An accurate definition of what a toxic parent is cannot be given. However, some signs do not cheat

An accurate definition of what a toxic parent is cannot be given. However, some signs do not cheat.

We have highlighted criteria for recognizing a toxic parent, but this list is not exhaustive. If you find out one of your parents meets these different criteria, now is the time to take off to protect yourself and those you love.

  1. A toxic parent criticizes and makes fun of their child

A toxic parent never congratulates their child. Nothing is ever good enough, perfect enough He’ll say phrases like: ′′ It’s good but you could have… This behavior will eventually make the child lose his confidence in him. He will never feel up to what he will be asked, because he wasn’t encouraged enough.

These criticisms will often be accompanied by mockery, which will destabilize the child even more, irrespective of age. These mockery will come in the family or in public. They can create deep wounds that will be very long to heal. Some jokes, say without bad intentions, can be disastrous for the child’s psyche.

  1. A toxic parent guilt their child

The toxic parent is also the one who will make their child feel permanently guilty. ′′ I warned you though… ", why don’t you ever listen ",… if I scolded you it’s because you were mean ",… when you do that stupidity, you hurt me a lot… ", ′′ If I work so hard, it’s so I can put you in a good school… ′′ These sentences may seem anodine, but at the end of the day, they end up make the child bear the weight of a responsibility that he is unable to bear.

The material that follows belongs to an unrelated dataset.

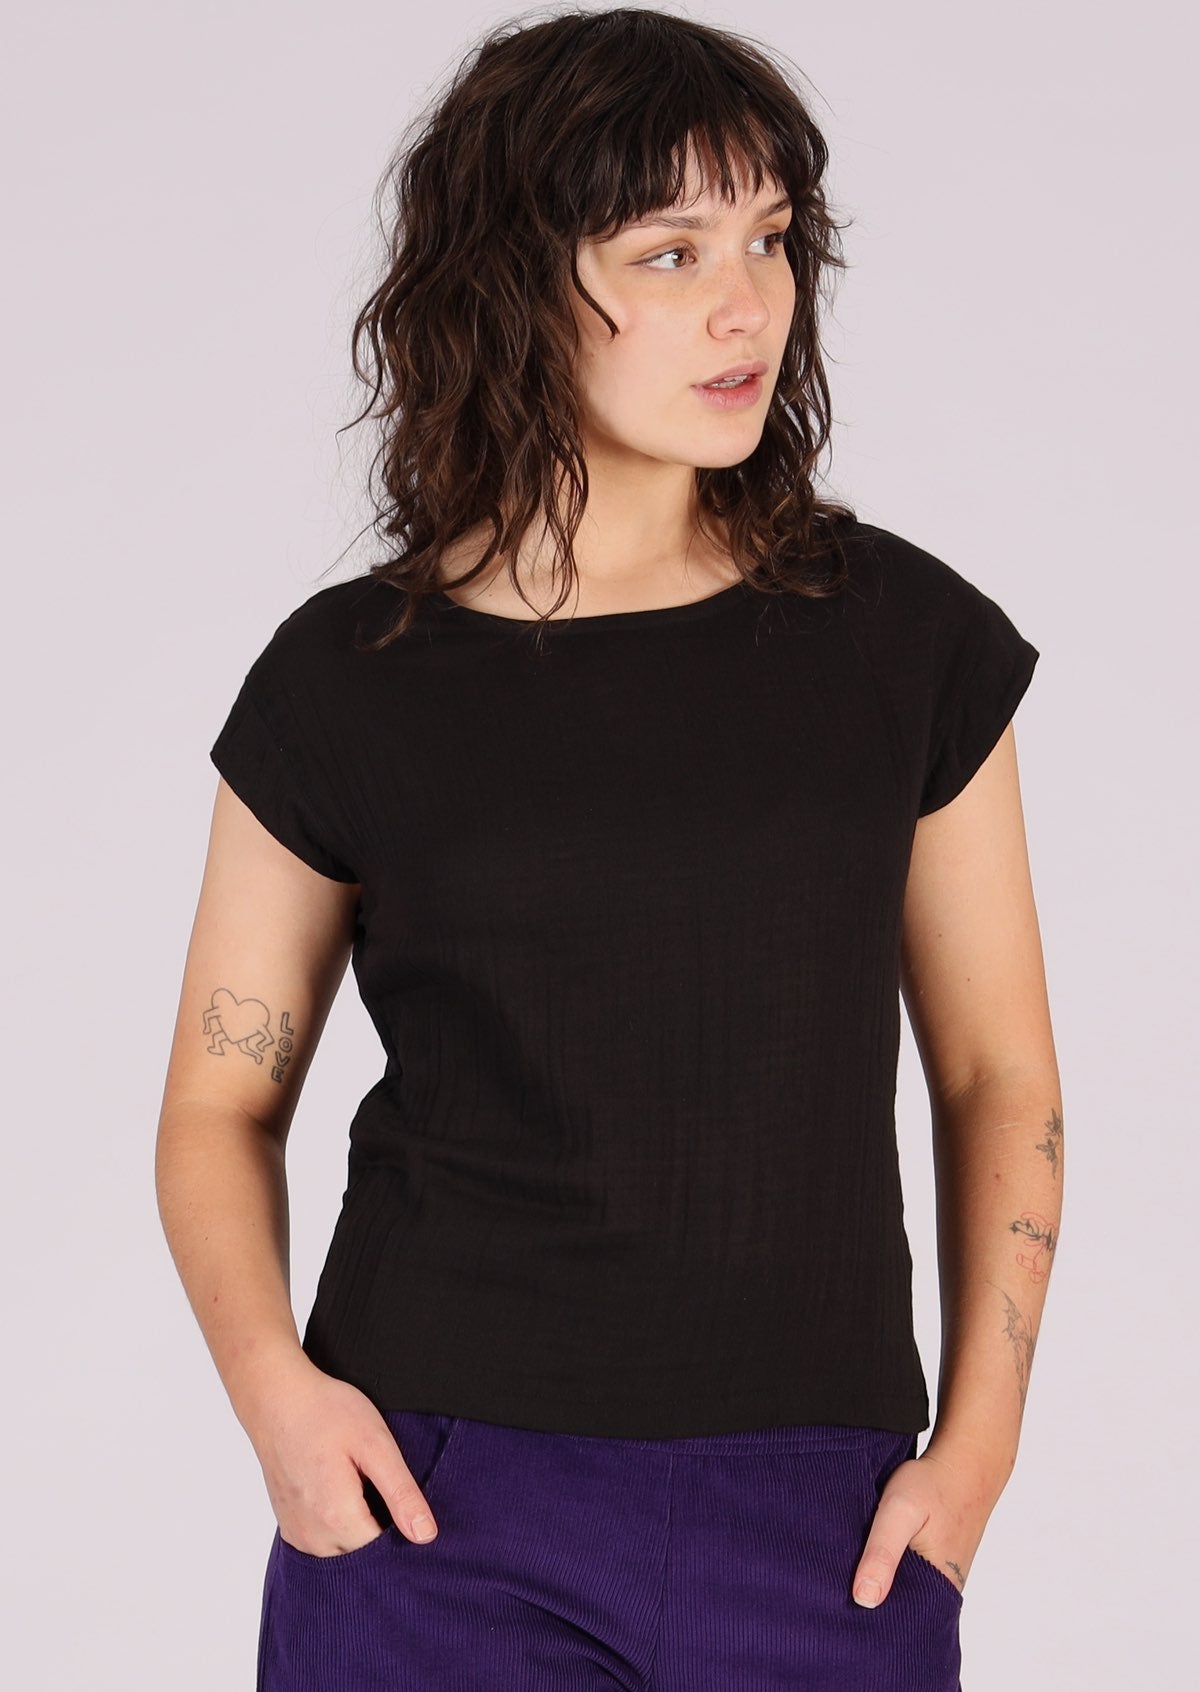 Black double cotton simple top with cap sleeves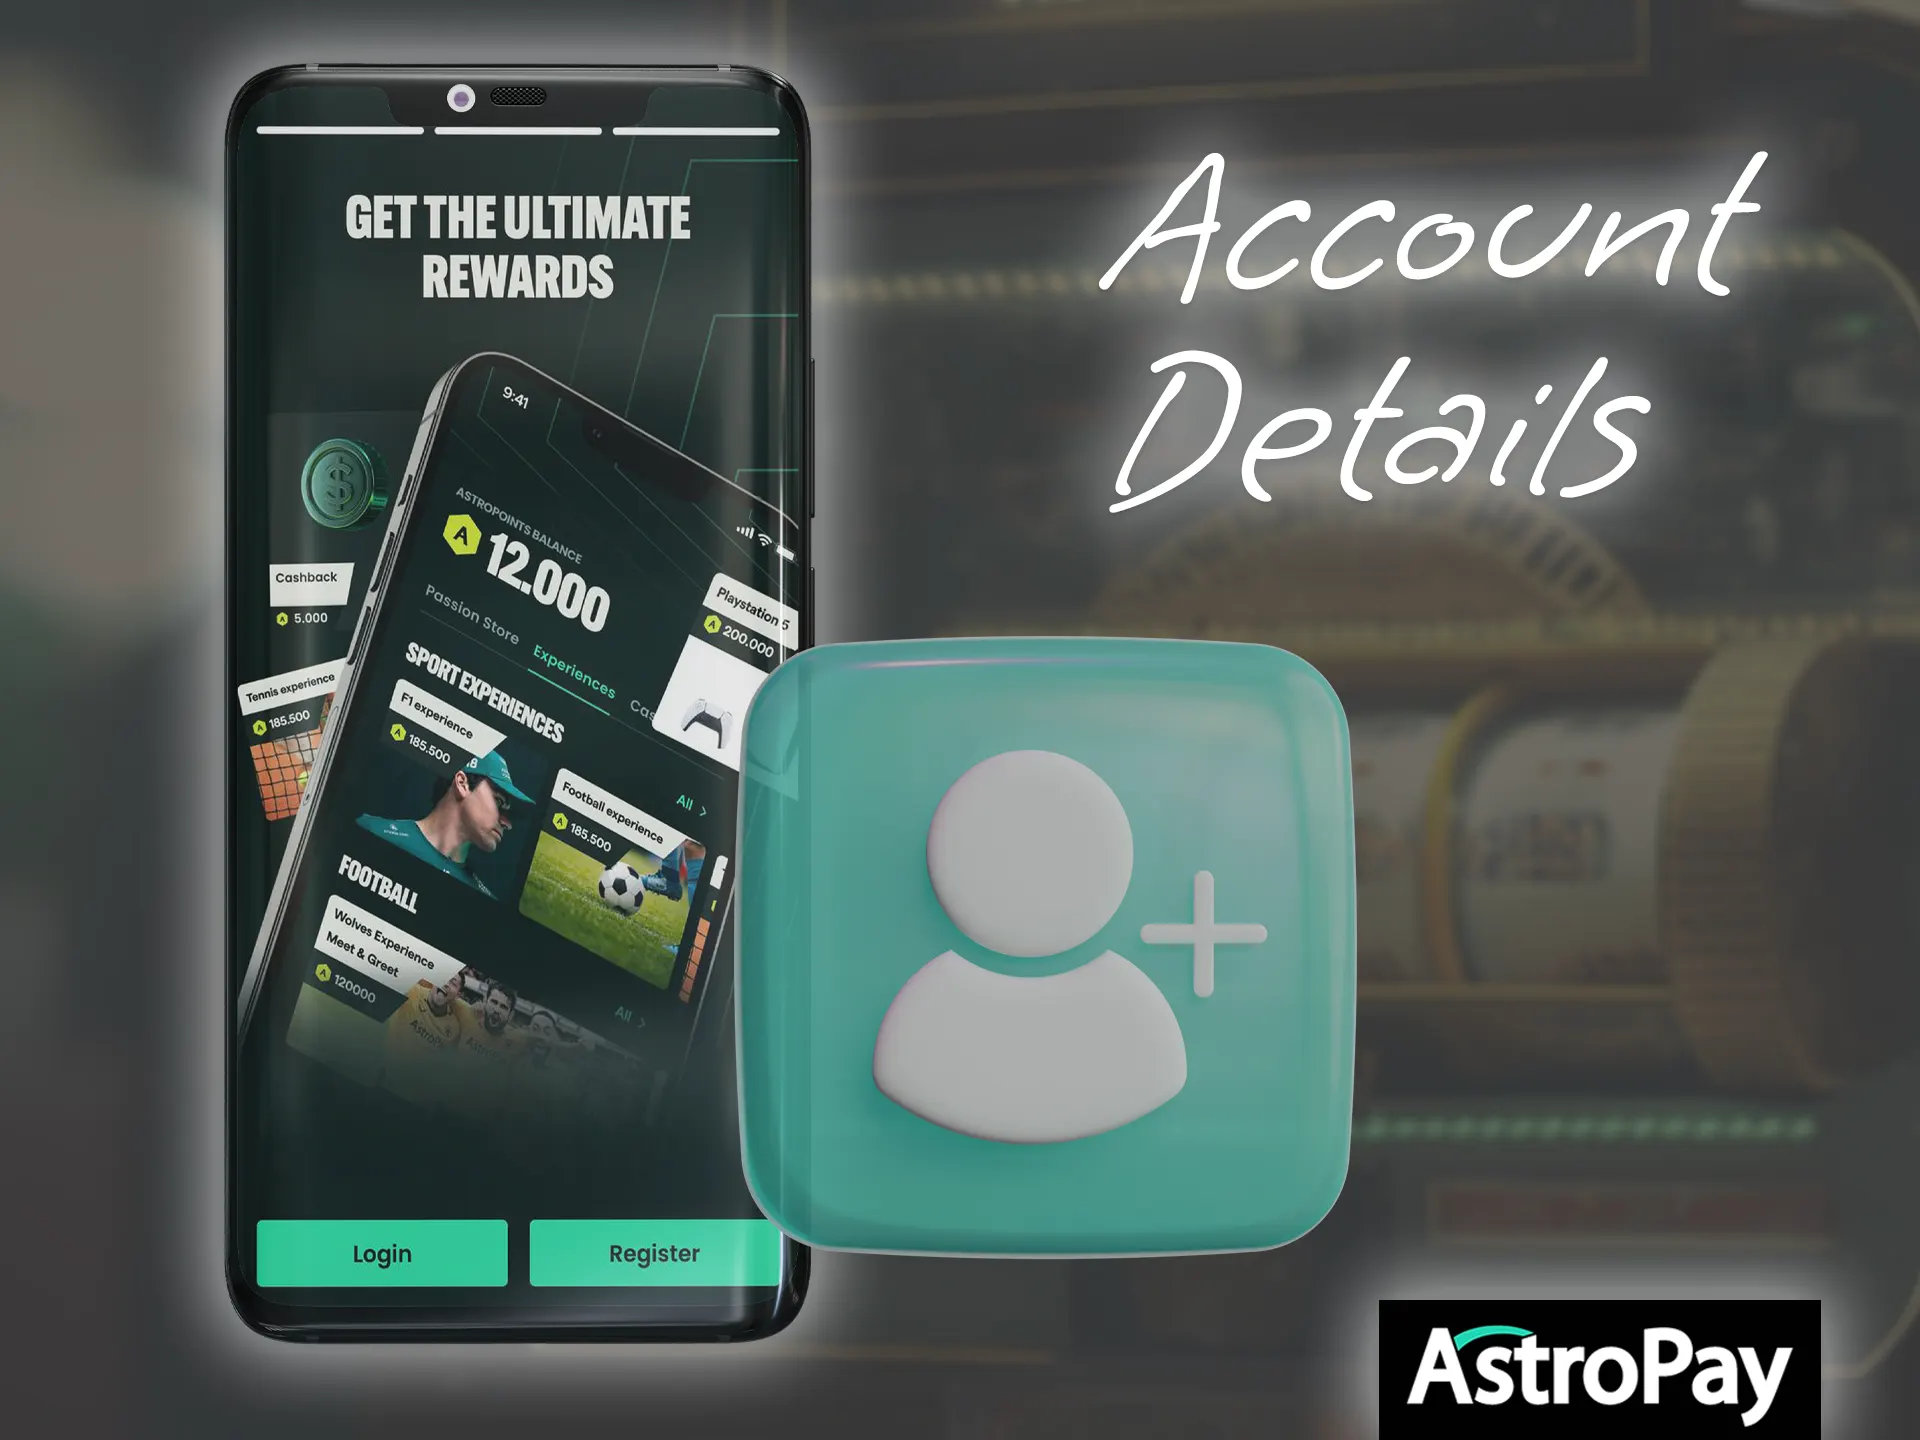 Register a AstroPay account.

Showing your child that he disappointed his parents is far more violent than just a remonstration. The child knows when he is doing stupidity, so he needs to be punished so he doesn’t want to do it again. But there’s no point in making him feel guilty.

  1. A toxic parent does not know how to welcome their child’s emotion

A child feels emotions that are not always understandable. However, they must always be greeted by parents. When a child falls, some parents quickly say: ′′ It’s nothing, come on, go back to play ". But on the contrary, you have to try to understand this emotion and make sure you soothe it: ′′ You had to get very bad, but you are very brave, I know you prefer to keep playing, I’m proud of you ". This little example illustrates how the toxic parent can behave when their child is sad or when they have scared.

Choking your children’s emotions can prove dangerous. A suffocated anger will come out a day when the other and disproportionately.

  1. A toxic parent imposes their views on their child

A toxic parent assumes that a child always has everything to learn. He will impose his tastes, choices and cravings, without taking care of listening to what his child wants. He always dreamed of making piano, his child will make piano. Even when the child becomes adult and parent in turn, he will always undergo the ′′ advice ′′ of his toxic father or mother, who will tell him how to educate his child, who will criticize his choices and make sure to always have his word to say.

A toxic parent interferes with their child’s life, even if they violate their privacy. He will never feel too much and won’t think for a moment that his child can do without his / her opinion or advice. A toxic parent is usually unable to trust their child.

  1. A toxic parent never apologizes

We’ll be told it’s a generation issue, that there was a time when parents didn’t have to ask their children for forgiveness, but this rhetoric doesn’t stand. We all make mistakes and if we want to teach our children to forgive and ask forgiveness, we must be examples. A toxic parent can’t admit they’re wrong because they don’t want to lose their face in front of their child.

The toxic parent ends up isolating their child, who gradually loses self-confidence and becomes aggressive with others to exteriorize their uneasy. When you are aware of having a toxic parent, you should not hesitate to distance yourself. If you realize that a friend or someone around you is behaving like this with your child, try to explain the harmful consequences of such behavior on your child.